6. A detection apparatus for speech recognition, comprising:

the judging module is used for judging the voice configuration state of the vehicle according to the vehicle type information, wherein the voice configuration state comprises the following steps: a local voice configuration state and/or a cloud voice configuration state;

the first communication module is used for receiving a detection result which is sent by the voice recognition server and used for carrying out voice recognition on the audio information;

a determining module, configured to print the detection result, and determine a voice recognition detection result of the voice recognition server according to the print result, where the voice recognition detection result includes: whether the speech recognition is correct, and text information which cannot be recognized.
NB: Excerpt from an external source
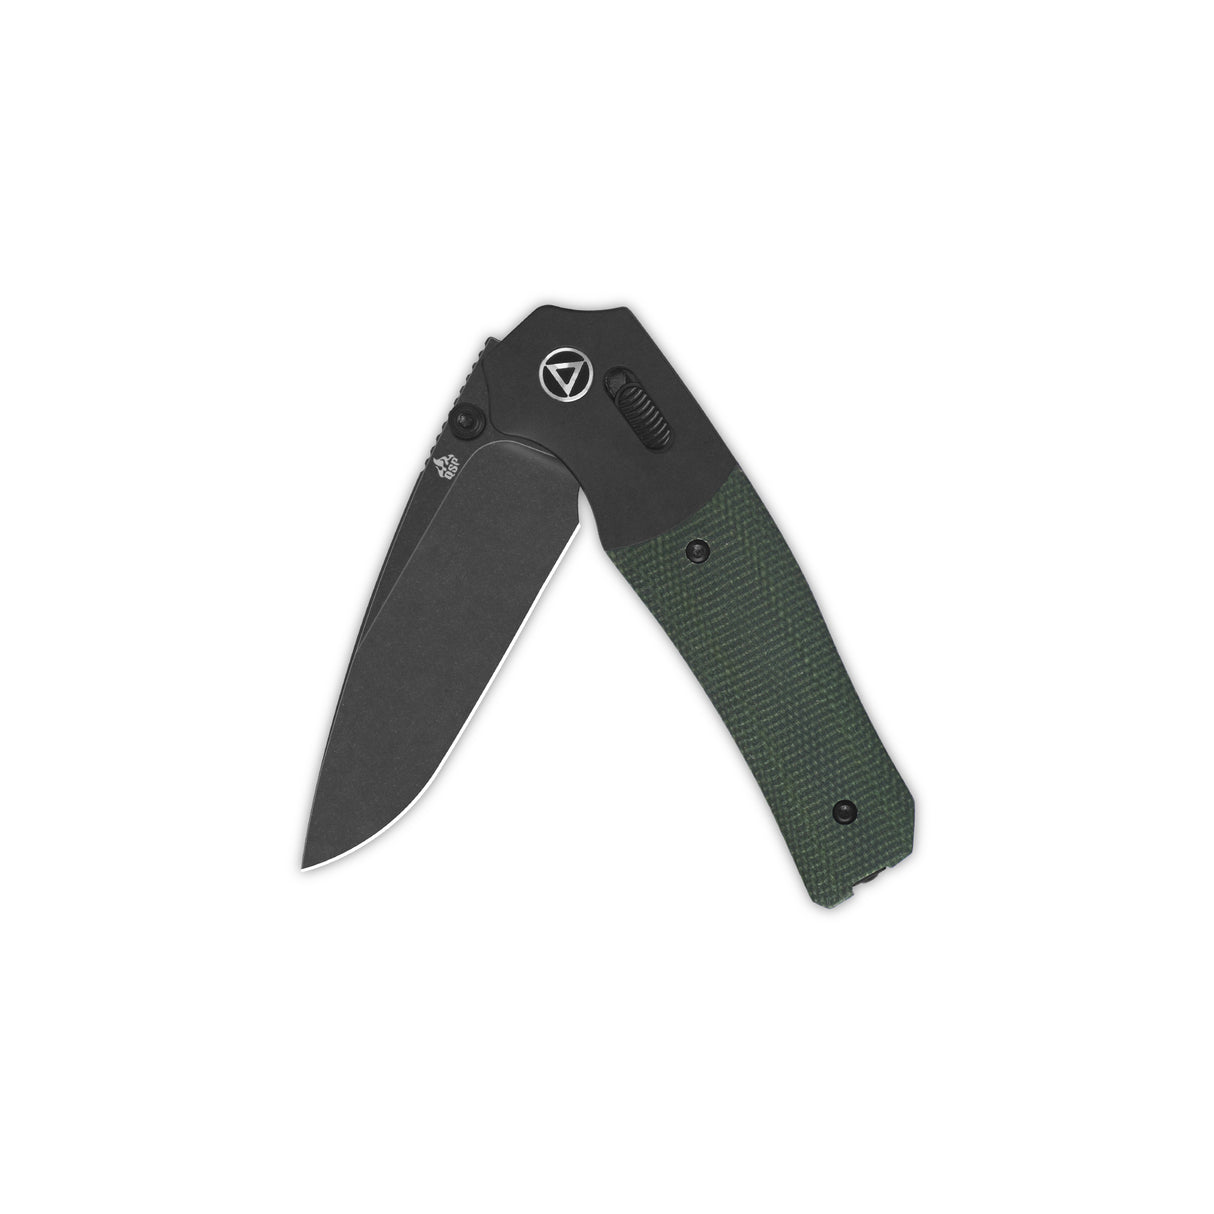 QSP Vault GlydeLock Pocket Knife 14C28N Blade Green Micarta Handle

7. The apparatus for detecting speech recognition according to claim 6, wherein said determining module comprises:

8. The apparatus for detecting speech recognition according to claim 7, wherein said determining module further comprises:

9. The detection apparatus of speech recognition according to claim 6, wherein the speech processing module comprises:

the first voice database unit is used for acquiring first text information when the voice configuration state is determined to be the local voice configuration state, and determining the voice recognition server to be a vehicle;

10. The detection apparatus of speech recognition according to claim 6, wherein the speech processing module further comprises:

the second language database unit is used for acquiring second text information when the voice configuration state is determined to be the cloud voice configuration state, and determining the voice recognition server to be the cloud server;

11. A detection apparatus for speech recognition, comprising: memory, processor and computer program stored on the memory and executable on the processor, the processor implementing the steps in the detection method of speech recognition according to any one of claims 1 to 5 when executing the computer program.